PROBLEM STATEMENT — Omit all images, then repeat exactly the lines below from the one containing "Arthouse Linen Texture" through the one containing "Neil Kinnock Signore", both ends included.

*** Opening DATA TO EXAMINE ***

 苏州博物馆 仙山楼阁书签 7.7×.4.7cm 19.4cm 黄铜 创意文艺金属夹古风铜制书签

*** Closing DATA TO EXAMINE ***
*** Opening DATA TO EXAMINE ***

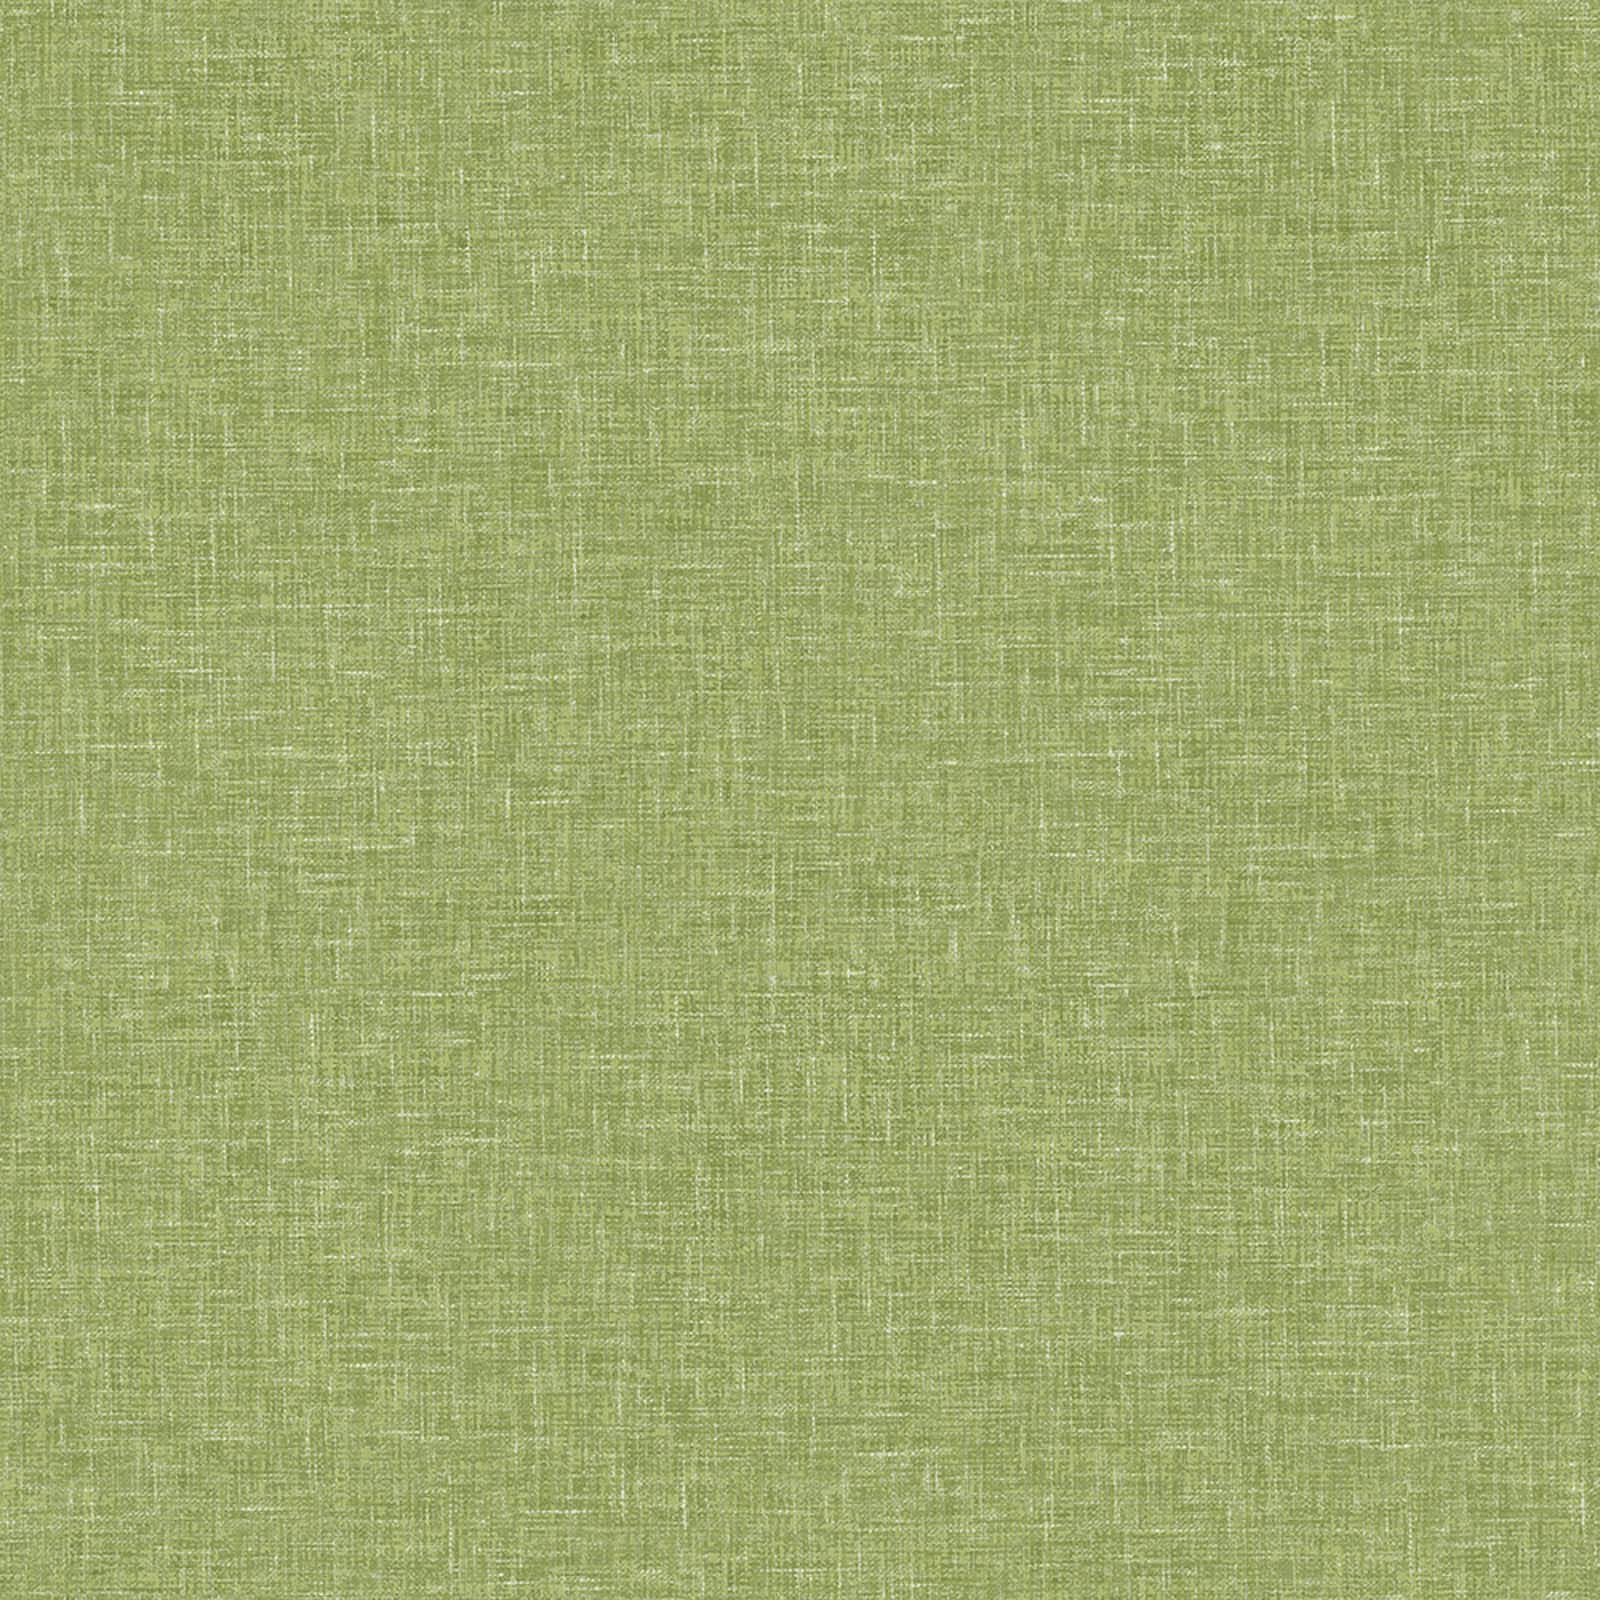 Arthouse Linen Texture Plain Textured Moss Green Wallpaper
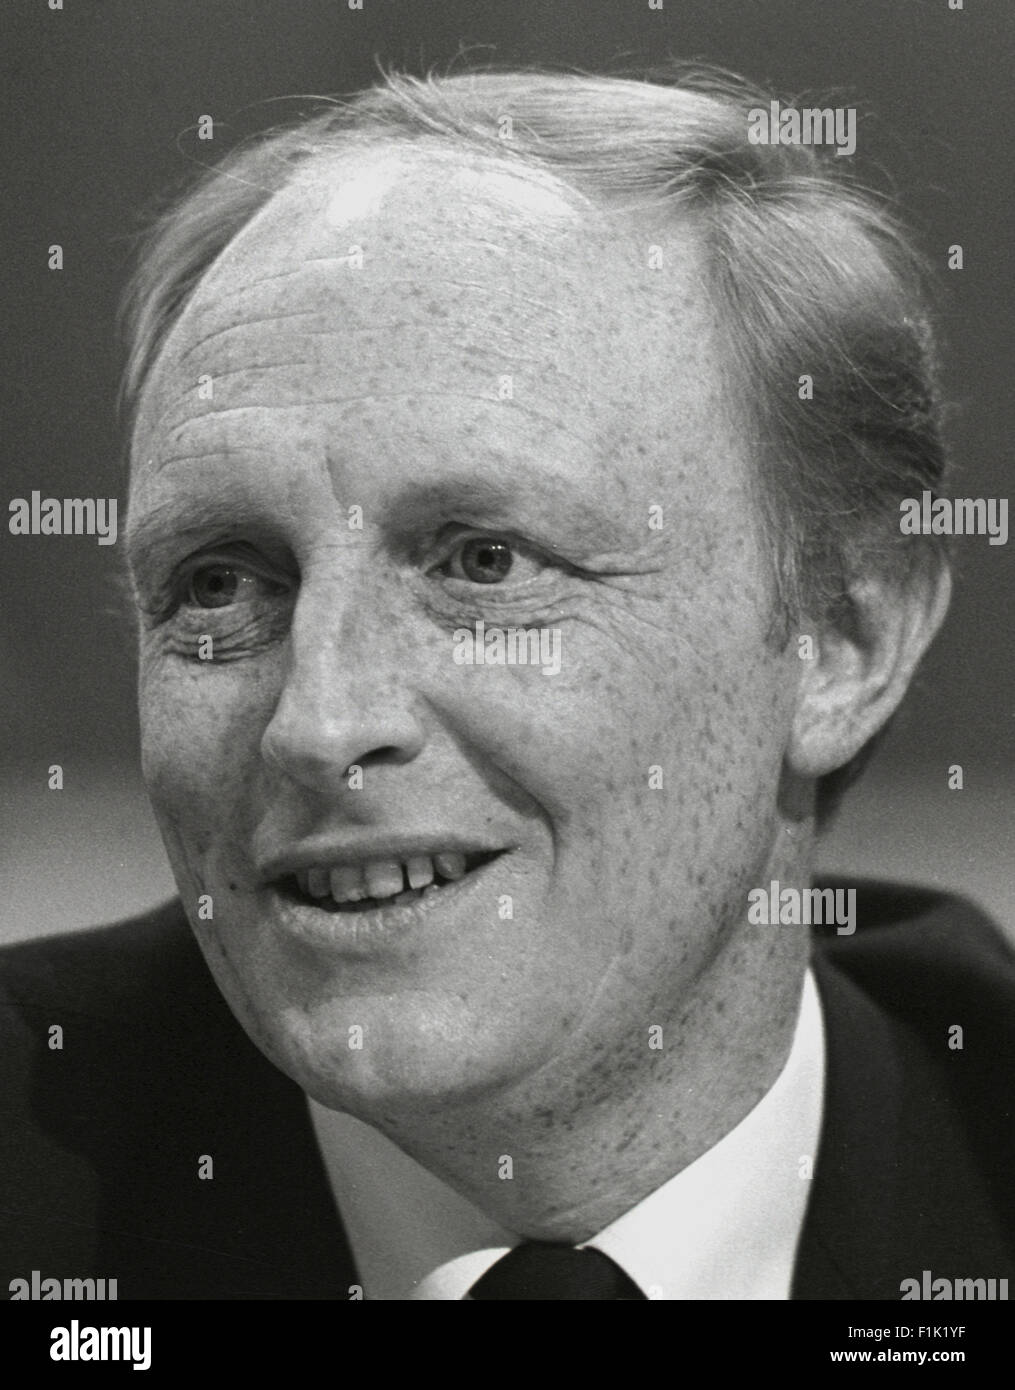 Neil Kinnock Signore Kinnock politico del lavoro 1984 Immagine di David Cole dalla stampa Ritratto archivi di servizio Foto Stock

*** Closing DATA TO EXAMINE ***

WRITTEN RESPONSE —
 Arthouse Linen Texture Plain Textured Moss Green Wallpaper
 Neil Kinnock Signore Kinnock politico del lavoro 1984 Immagine di David Cole dalla stampa Ritratto archivi di servizio Foto Stock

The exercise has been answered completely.